A Married Man's Story - Katherine MansfieldIn A Married Man’s Story by Katherine Mansfield we have the theme of escape, connection, isolation, loneliness, uncertainty, paralysis and happiness. Taken from her Collected Stories collection the story is narrated in the first person by an unnamed man and after reading the story the reader realises that Mansfield may be exploring the theme of escape. The narrator is unhappy in his marriage. It is as though he feels trapped and wants to escape from the life that he knows. This sense of unhappiness is important as the reader also learns that the narrator was unhappy as a child. It is also interesting that there is no mention of the narrator having any childhood friends. He appears to have spent most of his time in his father’s shop or in his home. Something that is mirrored in the narrator’s married life. At no stage in the story does the narrator physically move from his writing desk. It is as though he is paralysed. Aware that he needs to move or escape from his situation. Yet does nothing about it. Which may leave the reader suspecting that the narrator is afraid to make changes in his life. There is also a sense that the narrator is not connected to either his wife or their baby. It is interesting that the narrator calls the baby his wife’s baby and not his. Though some critics might suggest that there has been some type of infidelity in the marriage it is more likely that the narrator simply finds it difficult to accept the fact that his life has changed since the birth of his child.
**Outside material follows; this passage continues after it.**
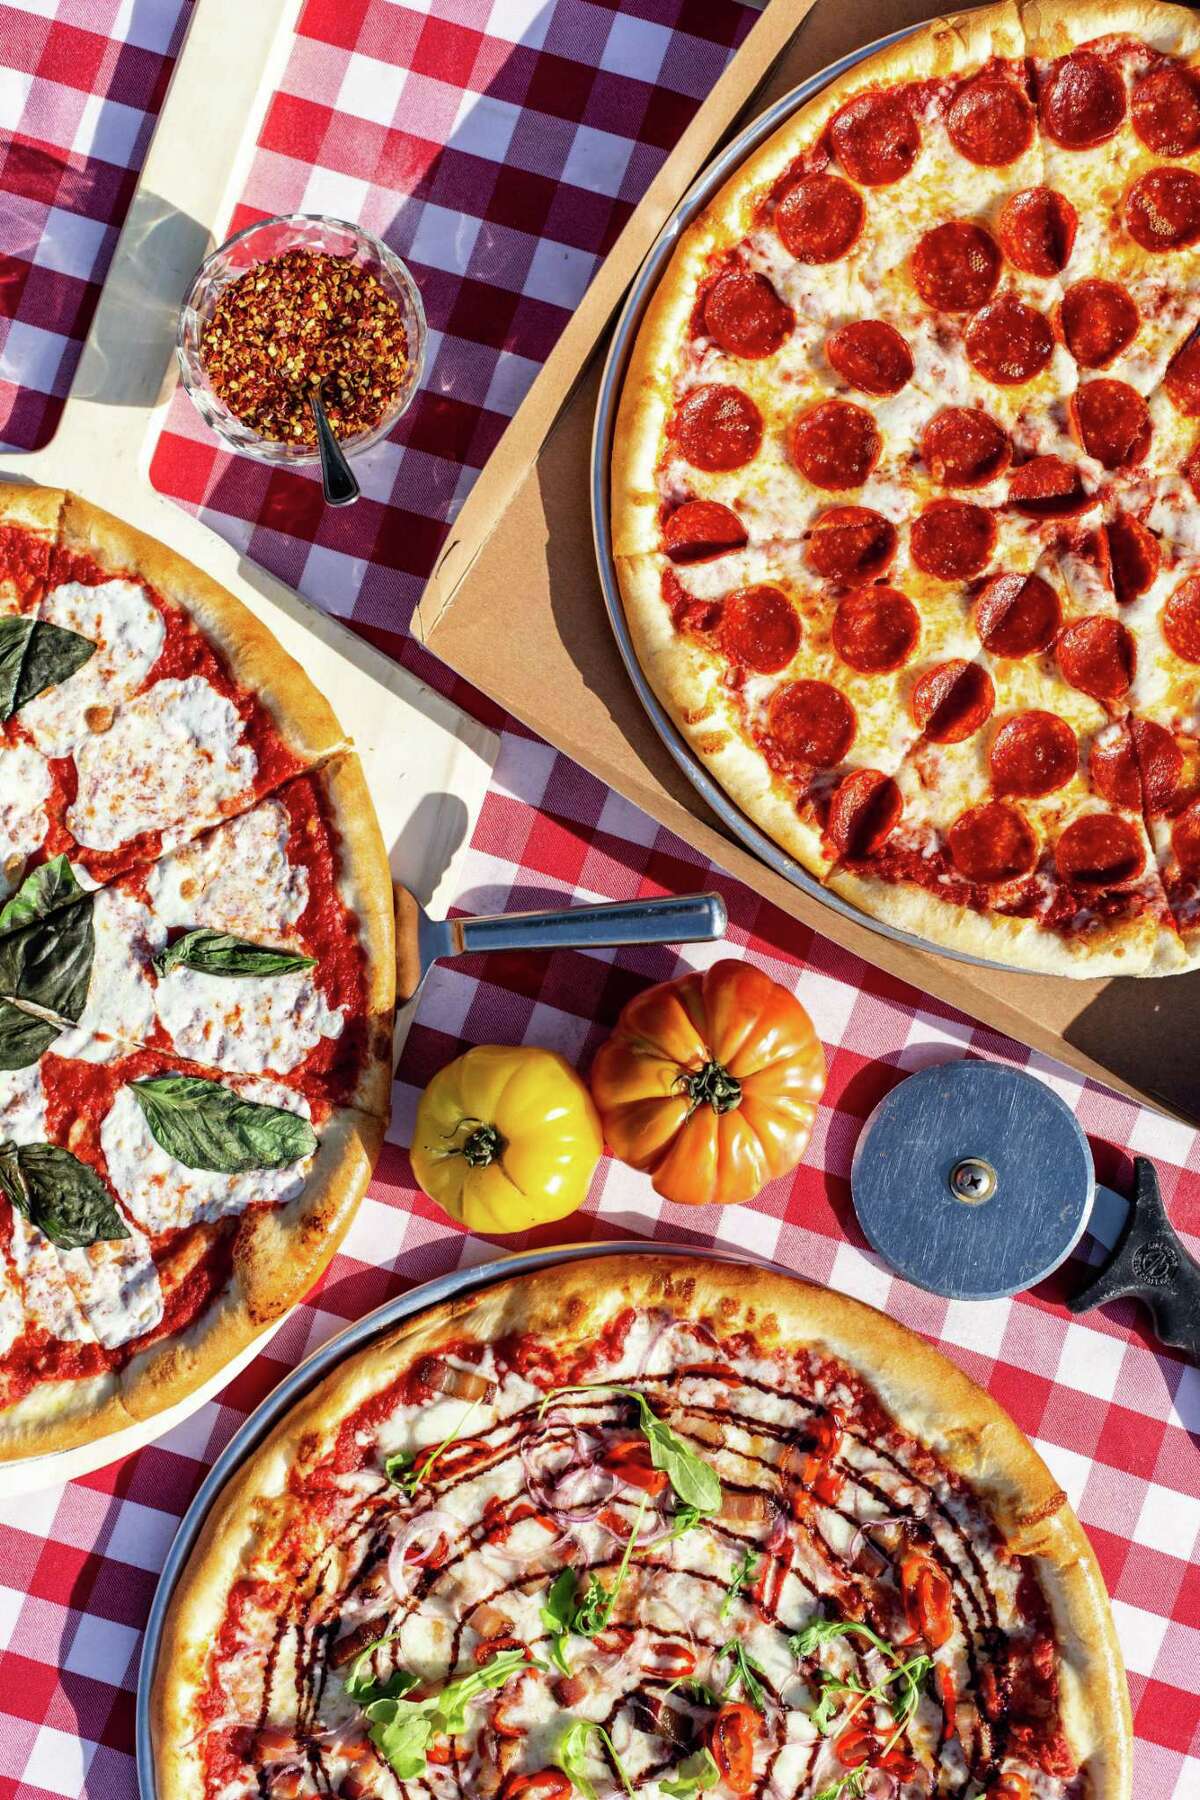 B.B. Italia and B.B. Pizza14795 Memorial Dr. Cheer on your favorite team at B.B. Italia and B.B. Pizza, which share a roof. Order a large pizza and get an order of wings for half-off.

This sense of change in the narrator’s life is mirrored by his mother’s change when the narrator was born. No longer did she leave her room and if anything she may have isolated the narrator. Which would further suggest the difficulties that the narrator has in connecting with people. If anything the narrator is unhappy in his marriage yet he never gives the read any insight into why he might be unhappy. Though it is noticeable that the narrator avoided answering the question his wife asked him about the importance of a woman being physically attractive to a man. It is possible that the narrator is shallow enough to want to leave his wife because he no longer finds her physically attractive. If this is the case it would shine an unfavourable light on the narrator. He is allowing his vanity to dictate the course of his marriage. It is also interesting that throughout the story the narrator never really knows what point he is trying to make. The reader left feeling through the narrator’s uncertainty that he longs for someone else to make the decision for him as to whether he should abandon or leave his wife and son.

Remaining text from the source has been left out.